3. Las alternativas reformadoras y sus más recientes manifestaciones
Establecido lo anterior, es indudable que el único camino, constitucionalmente viable, para afrontar los problemas de equilibrio financiero y de sostenibilidad del sistema de Seguridad Social, es el de las reformas y de la adaptación de su marco normativo a tales exigencias. Algo que se viene acometiendo desde hace años. Basta poner de manifiesto cómo, por ejemplo, los tiempos de activo y de cotización que se usan como referentes para el cálculo de la base reguladora de las pensiones de jubilación han ido incrementándose mediante sucesivas reformas desde los iniciales dos años elegidos por el beneficiario, regla anterior al año 1985, hasta los veinticinco últimos años inmediatamente anteriores a la jubilación que se aplicarán a partir del 1 de enero de 2022. Pasando por los 8 y 15 años que se introdujeron en las reformas de los años 1985 y 1997 y por el periodo transitorio establecido en la disposición transitoria octava de la LGSS que comenzó su aplicación en el año 2013 con 16 años que han ido incrementándose en un año por cada anualidad y que culminará, como se ha dicho, el año 2022, con la cifra de 25 años.

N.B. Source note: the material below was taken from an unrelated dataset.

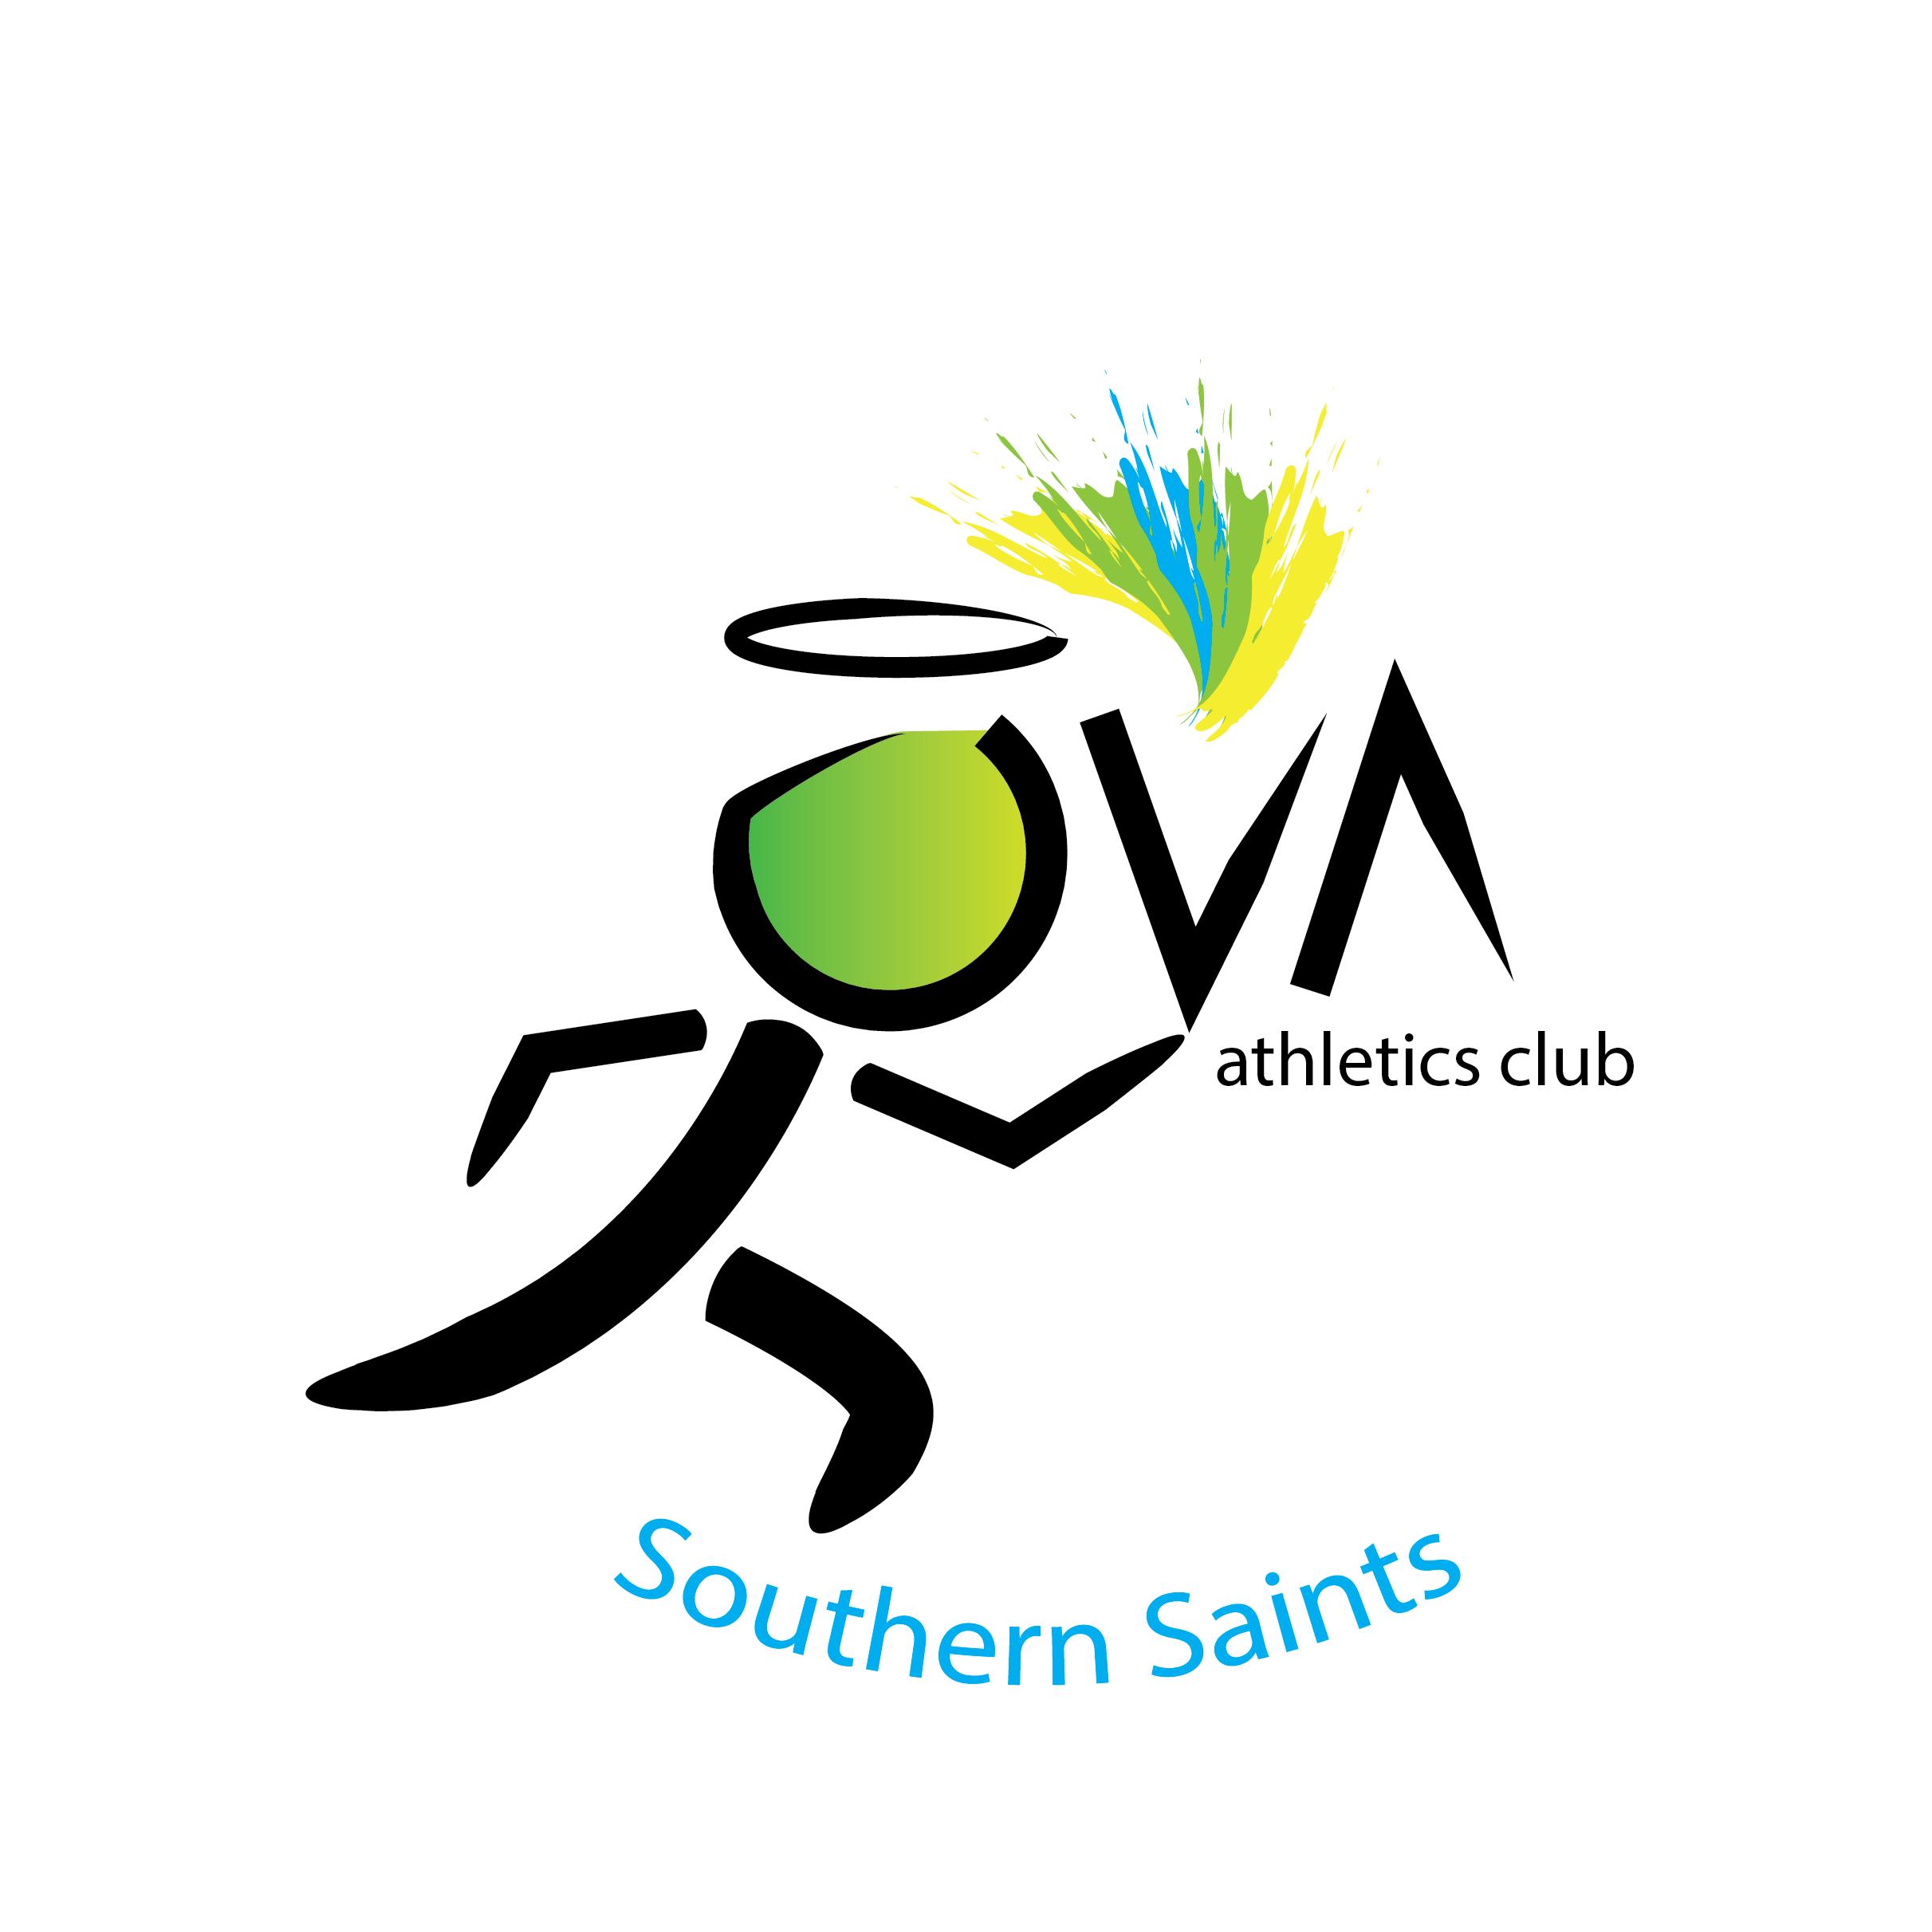 ova southern saints logo image

Un referente de la vida activa suficientemente representativo por su extensión y que se ha ido ampliando con el evidente propósito de reducir la cuantía final de la pensión, como así lo han evidenciado los estudios actuariales y económicos realizados al respecto, atenuando la presión del coste de las nuevas pensiones sobre el equilibrio financiero del sistema de Seguridad Social.
Por no hablar de otras reformas, de mayor o menor éxito, referidas a las pensiones como las que han afrontado la cuestión de su cálculo inicial ajustándolo a la situación y a las previsiones económicas, o su revalorización anual; o las que han restringido el recurso a las jubilaciones anticipadas, totales o par -
ciales, incrementando los requisitos, entre ellos la edad, para acceder a las mismas y penalizándolas en su cuantía mediante la aplicación de coeficientes reductores variables en función de los tiempos de cotización acreditados; o, en fin, las que han retocado las reglas aplicables a la cobertura de lagunas o a la cuantía de los mínimos garantizados en los casos de pensiones que no los alcancen.
La culminación de esta estrategia fue, en su momento, la suscripción en 1995 del Pacto de Toledo que, sobre la base de una valoración positiva acerca de la función social y económica del sistema de Seguridad Social, abogaba, con el acuerdo del conjunto del arco parlamentario, por una vía de reformas y adaptaciones que, a partir del diagnóstico que el propio Pacto incluía, tuvieran como finalidad el sostenimiento y la garantía de la viabilidad del sistema. Es en esta línea en la que, con mayor o menor eficacia y con mayor o menor consenso, salvo durante el paréntesis de los años 2012-2017 con el trasfondo de la crisis económica, que se han ido orientando tanto las Recomendaciones de la Comisión Parlamentaria del Pacto de Toledo como las propias reformas legales; siendo uno de sus ejemplos más significativos el constituido por la Ley 27/2011, de 1 de agosto, denominada, precisamente, de actualización, adecuación y modernización del sistema de Seguridad Social.
3.1. Las Recomendaciones de la Comisión Parlamentaria del Pacto de Toledo de 19 de noviembre de 2020
Tras casi una década de parálisis, la Comisión Parlamentaria del Pacto de Toledo ha vuelto a establecer las orientaciones que deben presidir las reformas futuras de la Seguridad Social. Muchas son las propuestas que contiene el documento, si bien conviene subrayar que, en su Recomendación 0, titulada como “defensa y mantenimiento y mejora del sistema público de pensiones”, insiste en la idea que se acaba de explicitar. Y lo hace contundentemente, reforzando el valor y la esencialidad de la pervivencia del sistema de Seguridad Social tal y como está configurado y de los principios en los que se apoya, al declarar su compromiso con el mantenimiento, mejora y adaptación del sistema público de Seguridad Social “y, especialmente, del sistema de pensiones”; al oponerse a cualquier transformación radical del sistema que suponga la ruptura con los principios en los que se asienta, en especial los de solidaridad, suficiencia, equidad y responsabilidad pública; al considerar que el sistema de pensiones, en su modalidad contributiva, da una respuesta protectora adecuada; y, al insistir en que la financiación de las prestaciones contributivas deben ser esencialmente las cotizaciones, mientras que otras prestaciones de tipo universal han de ser sufragadas a los presupuestos generales del Estado, esto es, lo que se viene denominando como principio de separación de fuentes de financiación. Todos estos propósitos encuentran plasmación en las Recomendaciones sucesivas que se analizarán ahora agrupándolas por epígrafes según materias o cuestiones más relevantes.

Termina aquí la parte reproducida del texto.